Working principle of RFID (illustrated)

The basic model of the radio frequency identification system is shown in Figure 8-1. Among them, electronic tags are also known as radio frequency tags, responders, and data carriers; Readers, also known as readout devices, scanners, communicators, and readers (depending on whether electronic tags can wirelessly rewrite data). The spatial (contactless) coupling of RF signals between electronic tags and readers is achieved through coupling components. Within the coupling channel, energy transfer and data exchange are achieved based on temporal relationships.

There are two types of RF signal coupling that occur between the reader and the electronic tag.

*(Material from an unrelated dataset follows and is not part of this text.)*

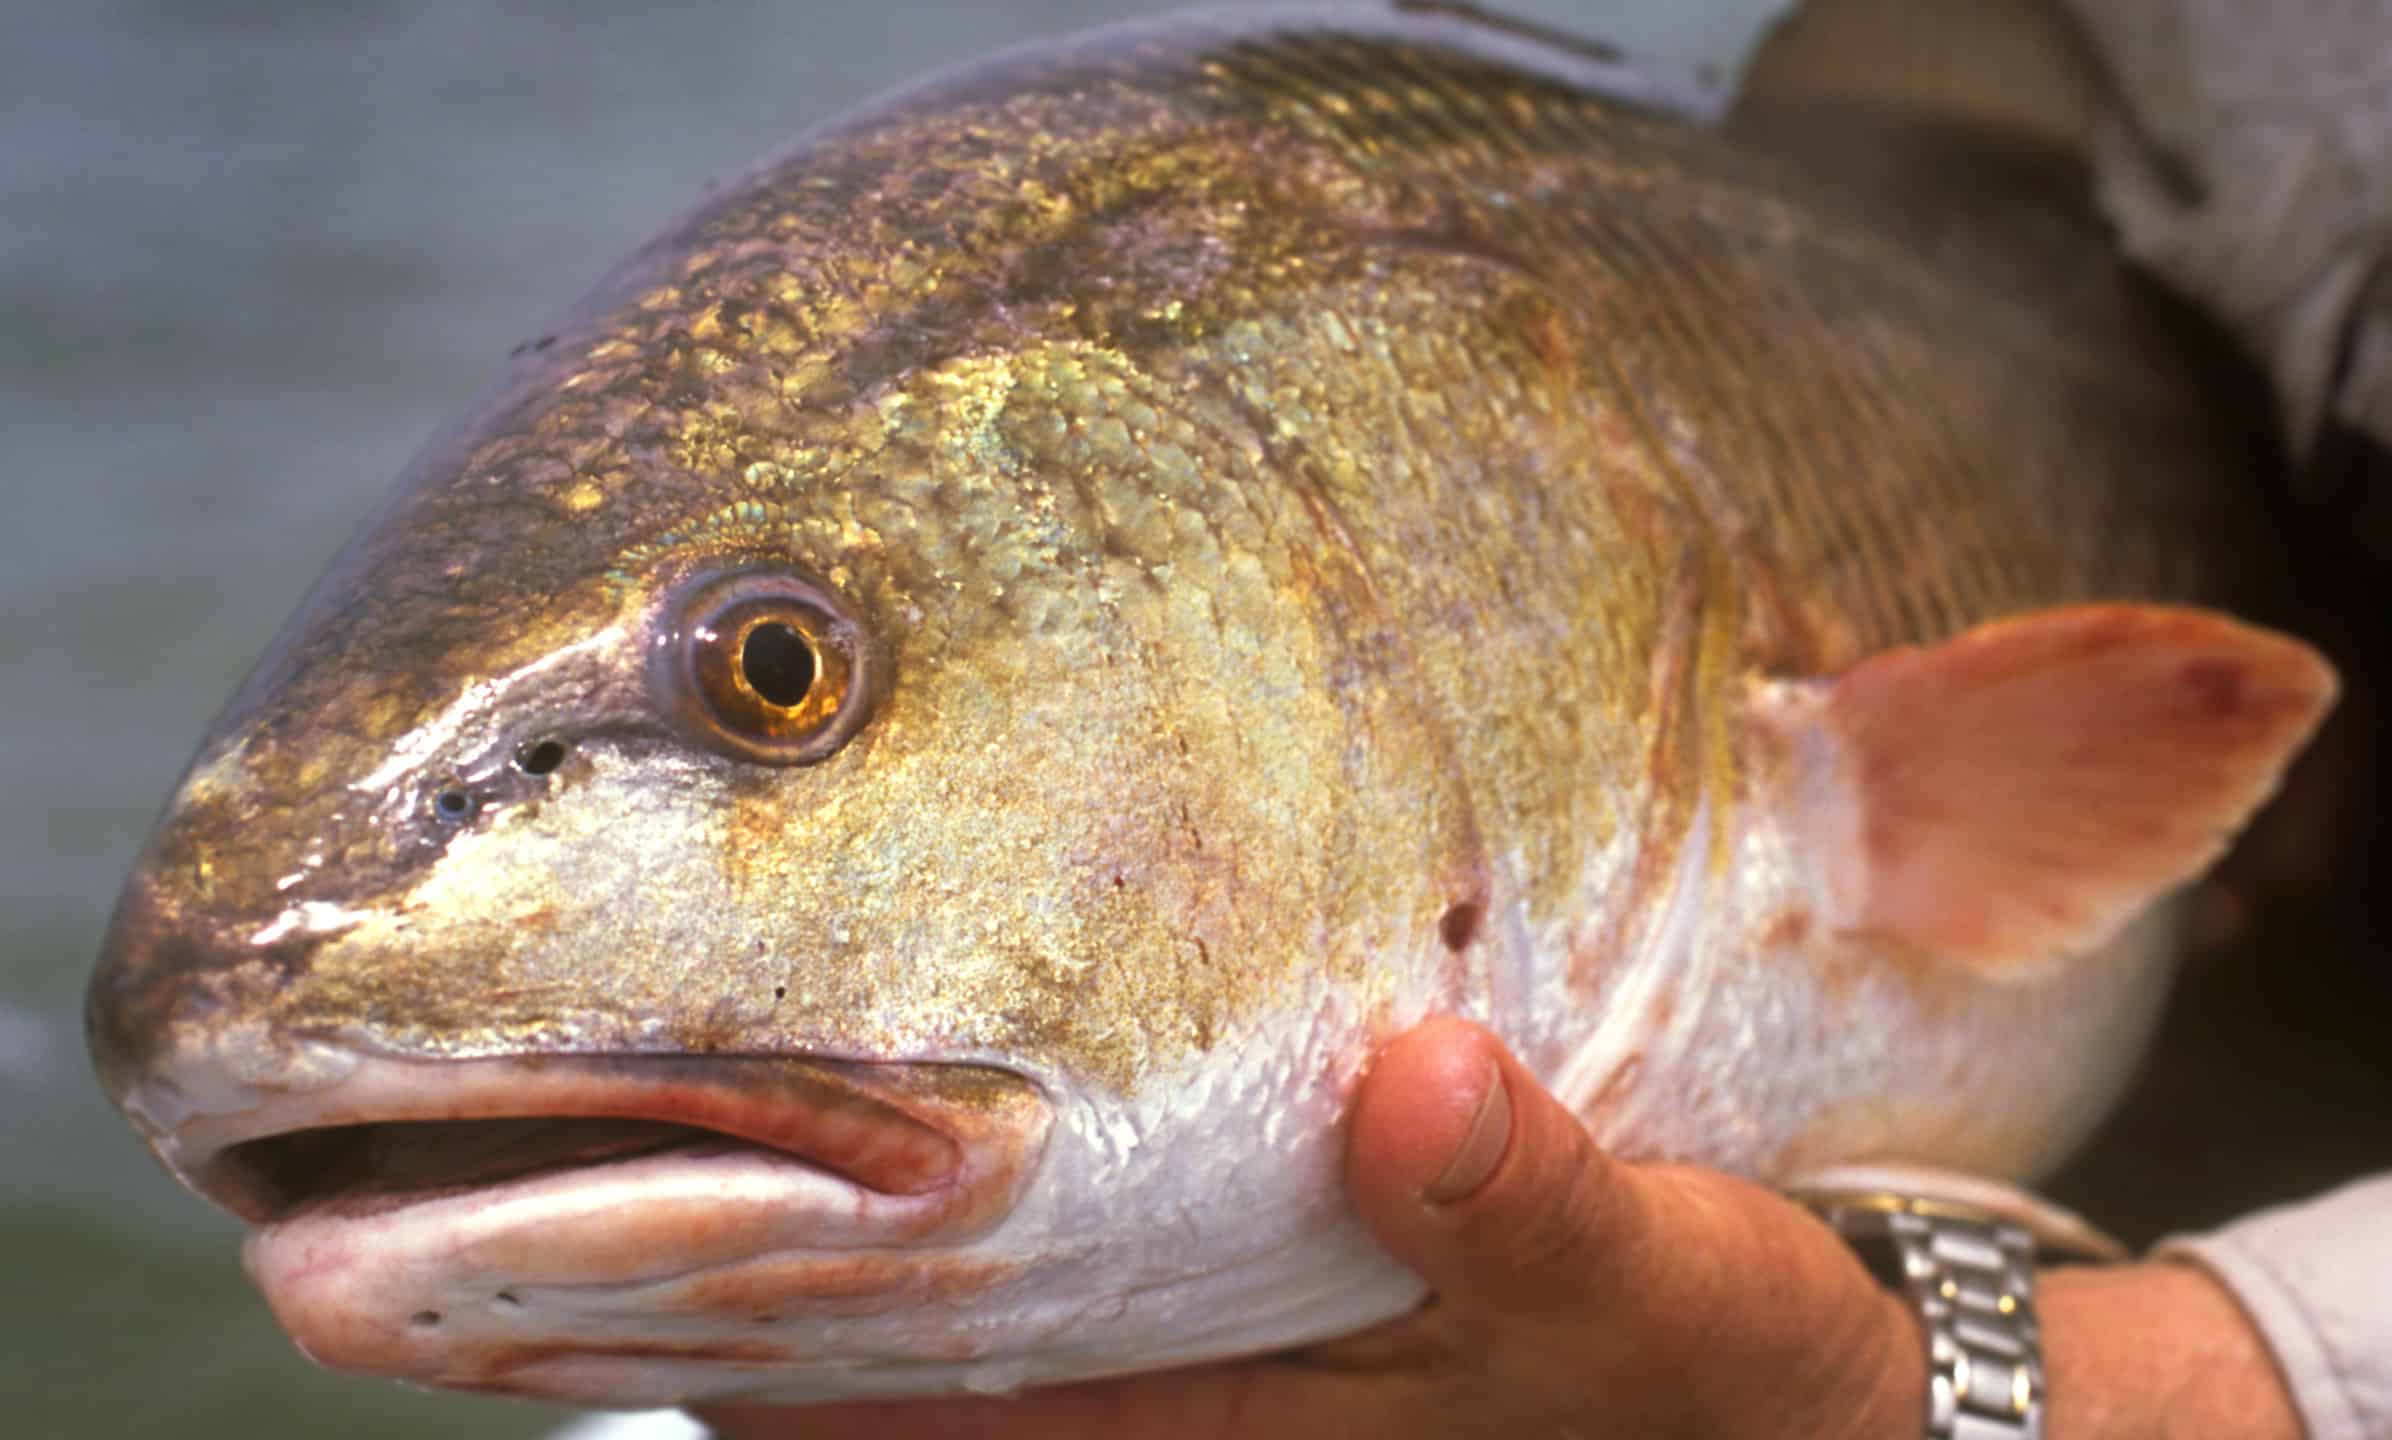 Sciaenops ocellatus also known as the red drum, redfish, channel bass and spottail bass

(1) Inductive coupling. The transformer model is coupled through a high-frequency alternating magnetic field in space, based on the law of electromagnetic induction, as shown in the figure.

(2) Electromagnetic backscatter coupling: a radar principle model, in which the emitted electromagnetic waves are reflected upon contact with the target and carry back the target information, based on the spatial propagation law of the electromagnetic waves

The inductive coupling method is generally suitable for close range radio frequency identification systems operating at medium and low frequencies. Typical operating frequencies include 125kHz, 225kHz, and 13.56MHz. The recognition action distance is less than 1m, and the typical action distance is 10-20cra.

The electromagnetic backscatter coupling method is generally suitable for long-distance radio frequency identification systems operating at high frequencies and microwaves. Typical operating frequencies include 433MHz, 915MHz, 2.45GHz, and 5.8GHz. The recognition action distance is greater than 1m, and the typical action distance is 3-10m

Technical schematic diagram of RFID reader and writer

Low frequency RFID technology has been used for close range access control management. Due to its low signal-to-noise ratio, its reading distance is greatly limited, and the low-frequency system has poor anti-collision performance. When reading multiple labels simultaneously, the speed is slow, and the performance is also easily affected by other electromagnetic environments. 13.56MHz high-frequency RFID products can partially solve these problems, with fast tag reading speed, the ability to read multiple tags simultaneously, diverse forms, and reasonable prices. However, the 13.56MHz RFID product has poor penetration through conductive media such as liquids, high humidity, and carbon media, and due to its frequency characteristics, the recognition distance is short. RFID products ranging from 860 to 960MHz are often recommended for use in supply chain management. Ultra high frequency products have long recognition distances and can achieve high-speed recognition and simultaneous recognition of multiple tags. But ultra-high frequency cannot penetrate conductive media such as metals at all. In order to address the limitations of RFID systems in identifying specific items (high humidity) caused by their operating frequency, low-frequency and high-frequency frequencies can be integrated into one chip.